◆ Raw data
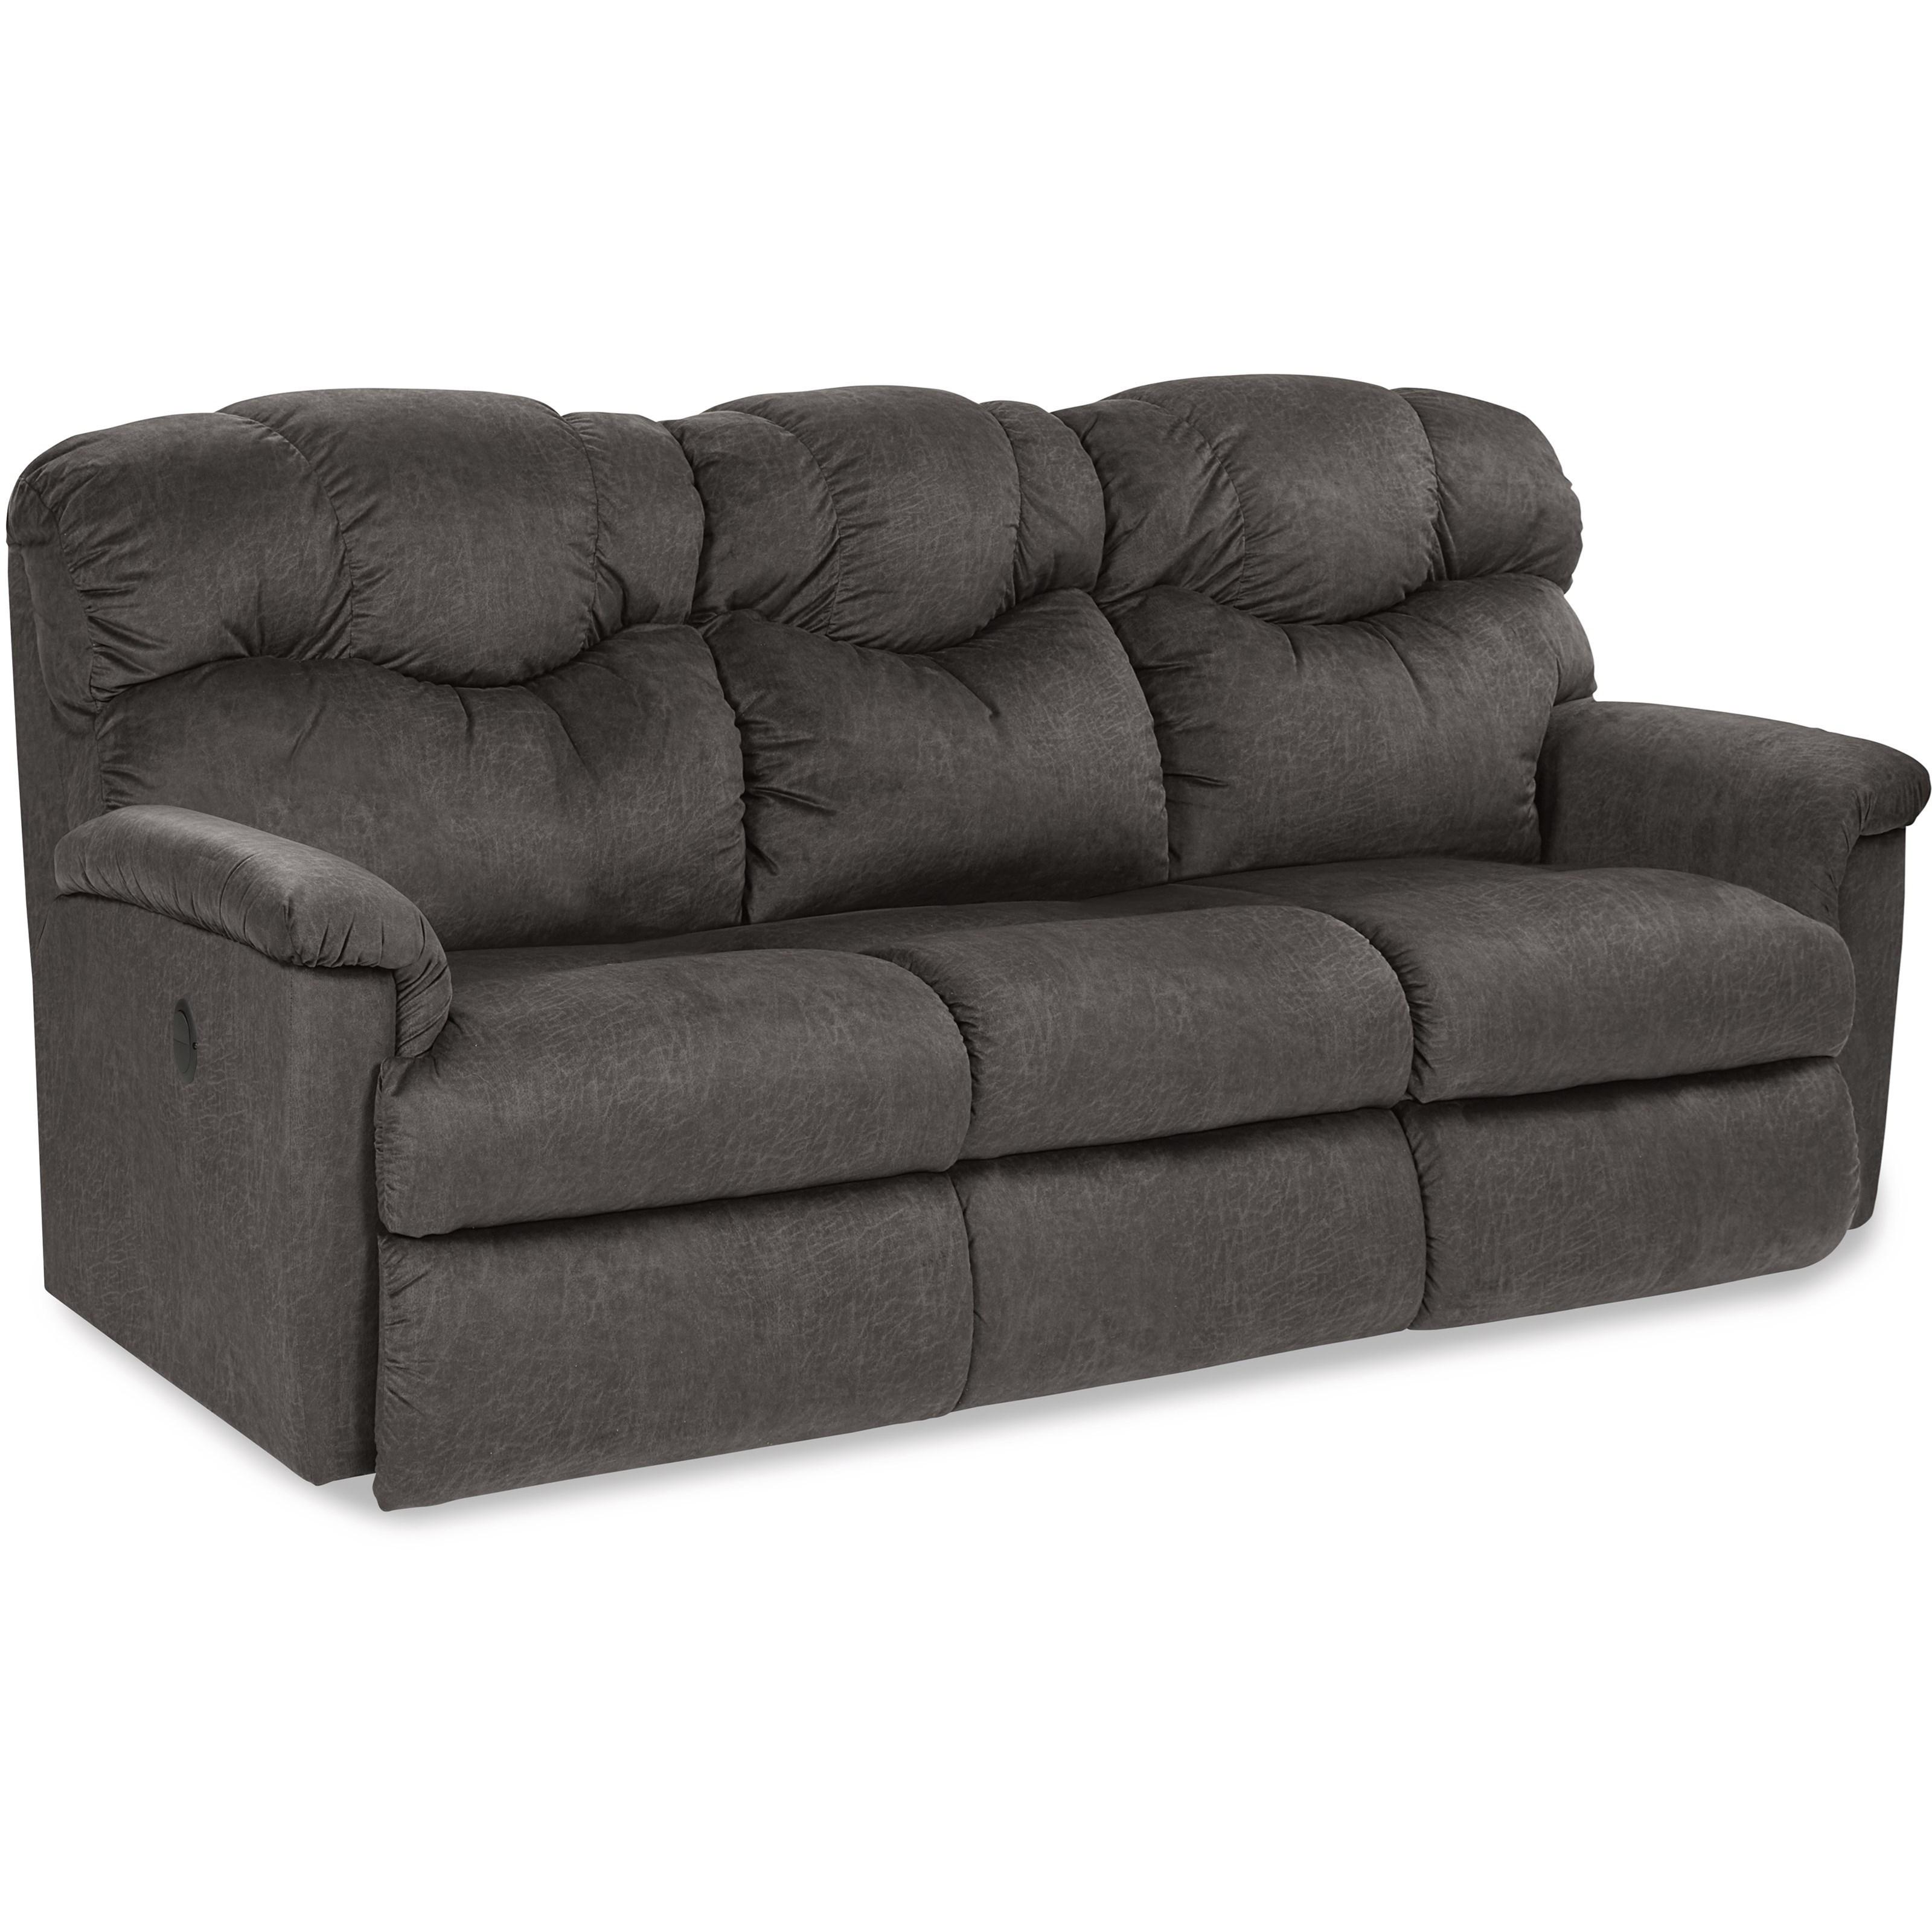 La Z Boy Lancer Power La Z Time 174 Full Reclining Sofa
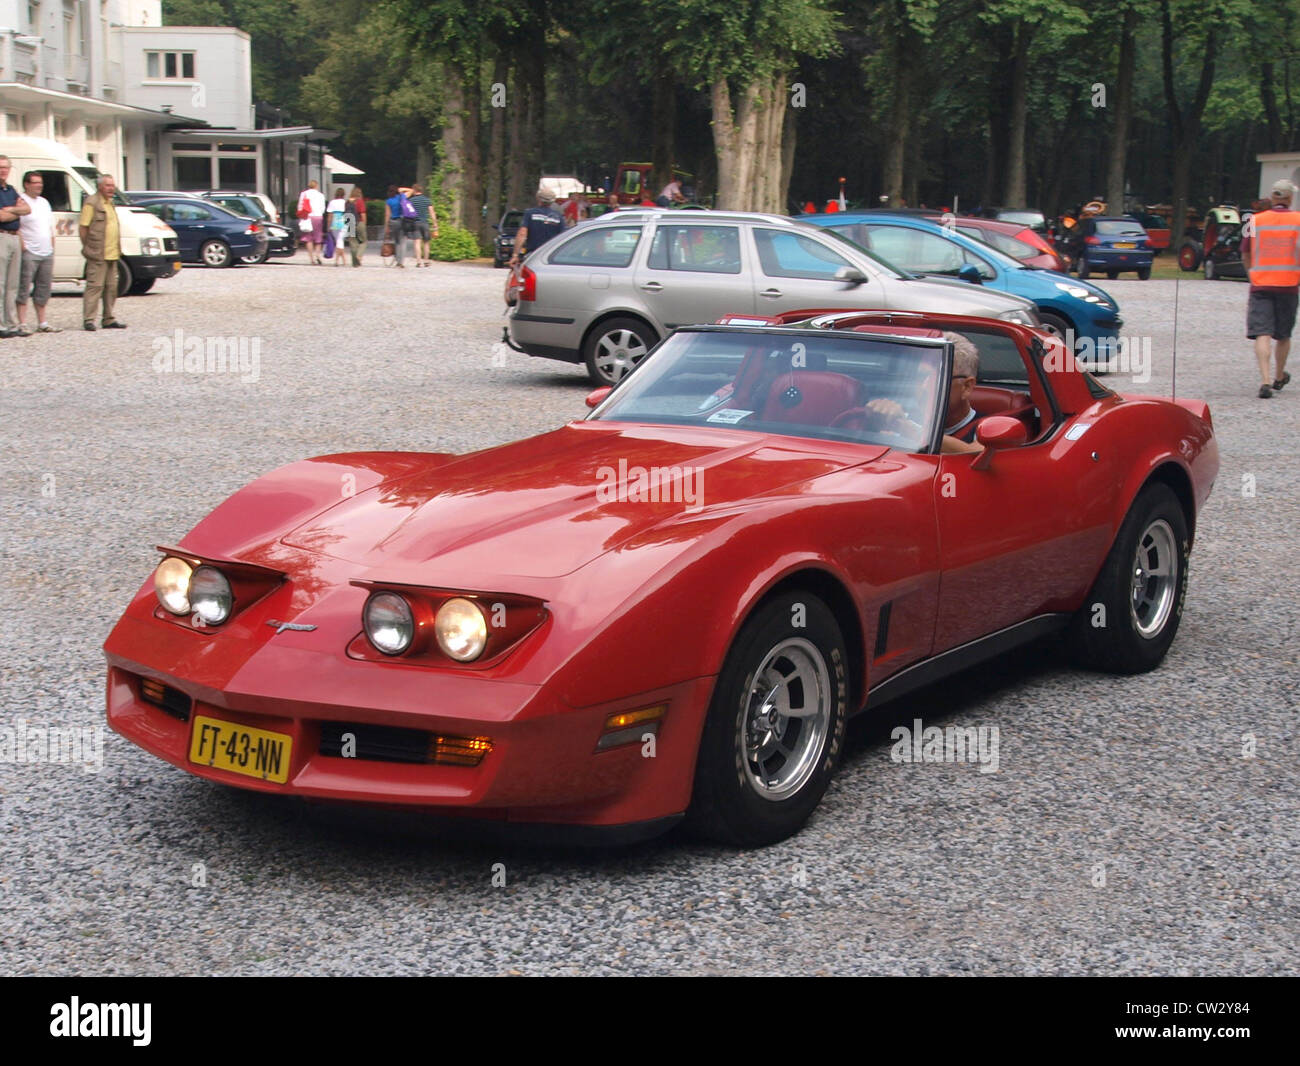 Kelebihan Chevrolet Corvette 1980 Top Model Tahun Ini
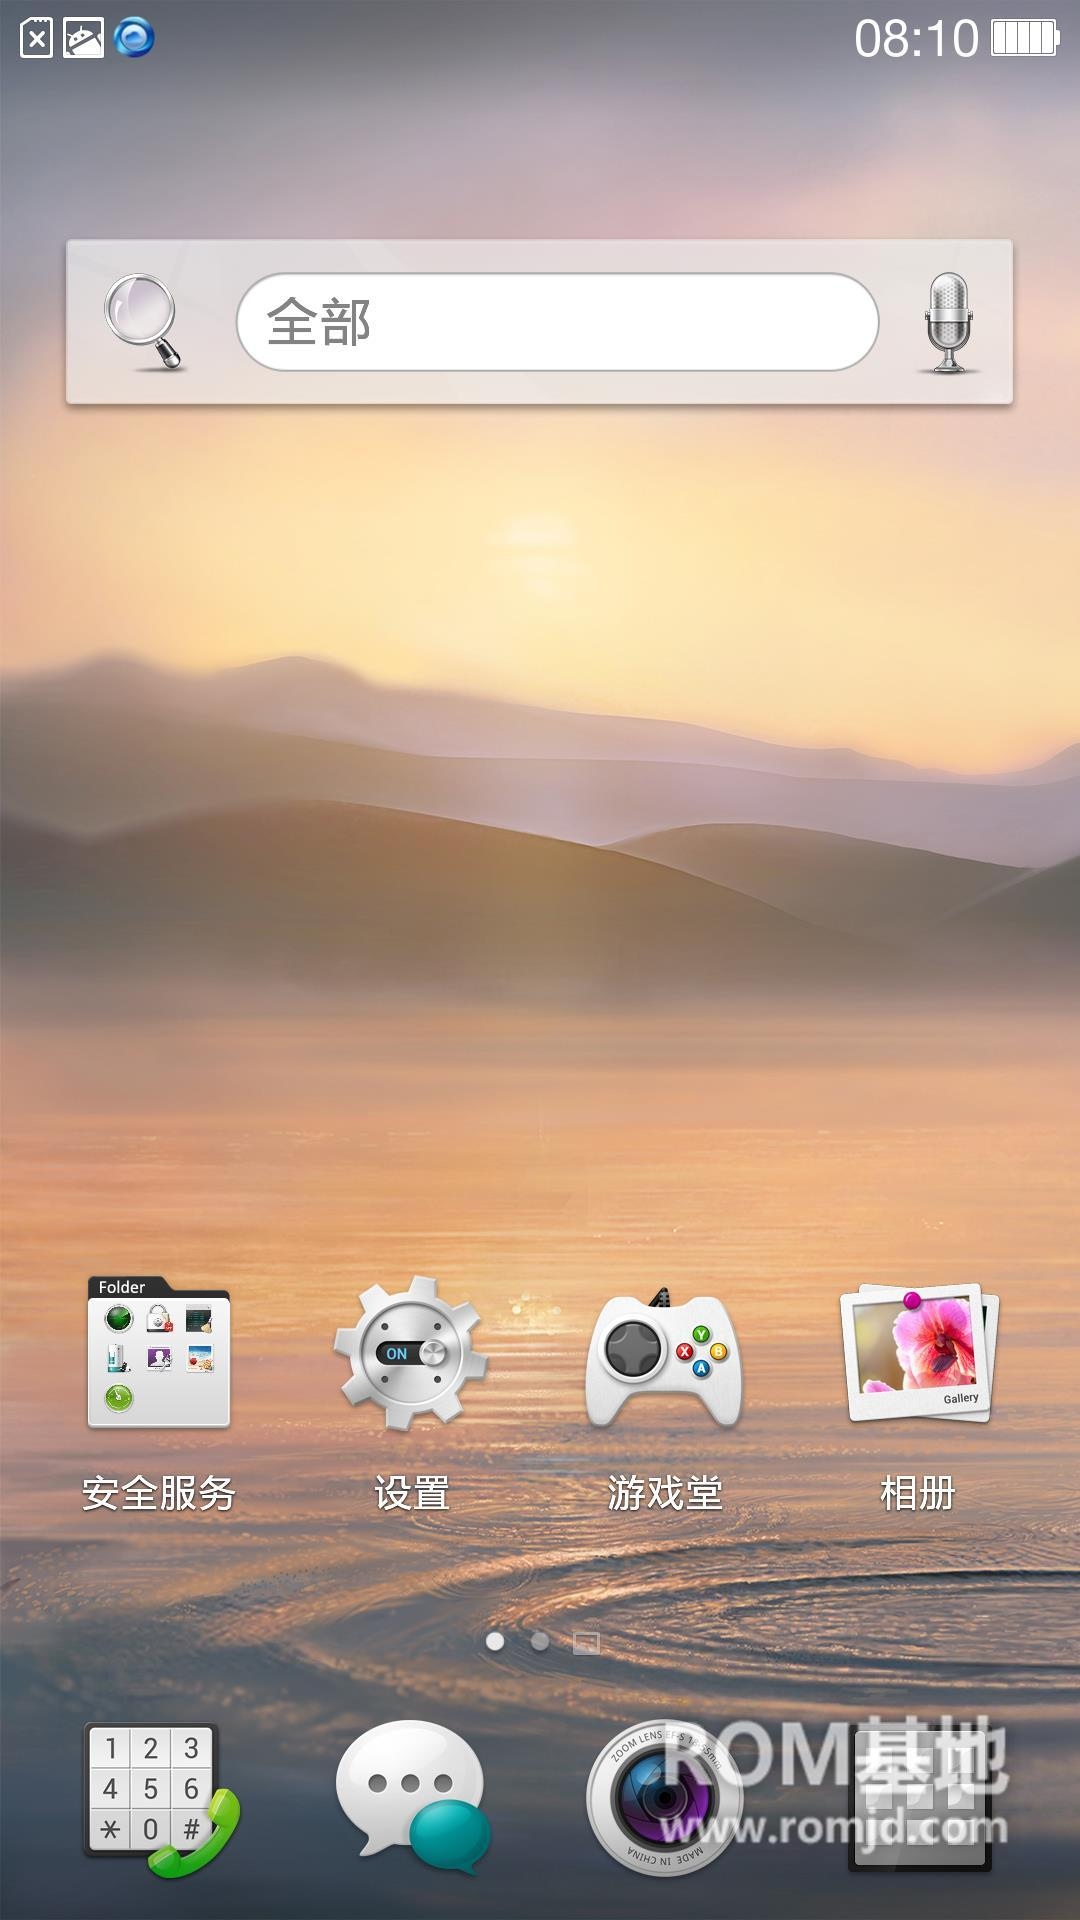 三星 i9300刷机ROM 适配版 ColorOS V1.0  20140310版ROM刷机包下载

◆ The problem
For this task, give the full listing again verbatim and keep out every picture.

◆ Response to this task
 La Z Boy Lancer Power La Z Time 174 Full Reclining Sofa
 Kelebihan Chevrolet Corvette 1980 Top Model Tahun Ini
 三星 i9300刷机ROM 适配版 ColorOS V1.0  20140310版ROM刷机包下载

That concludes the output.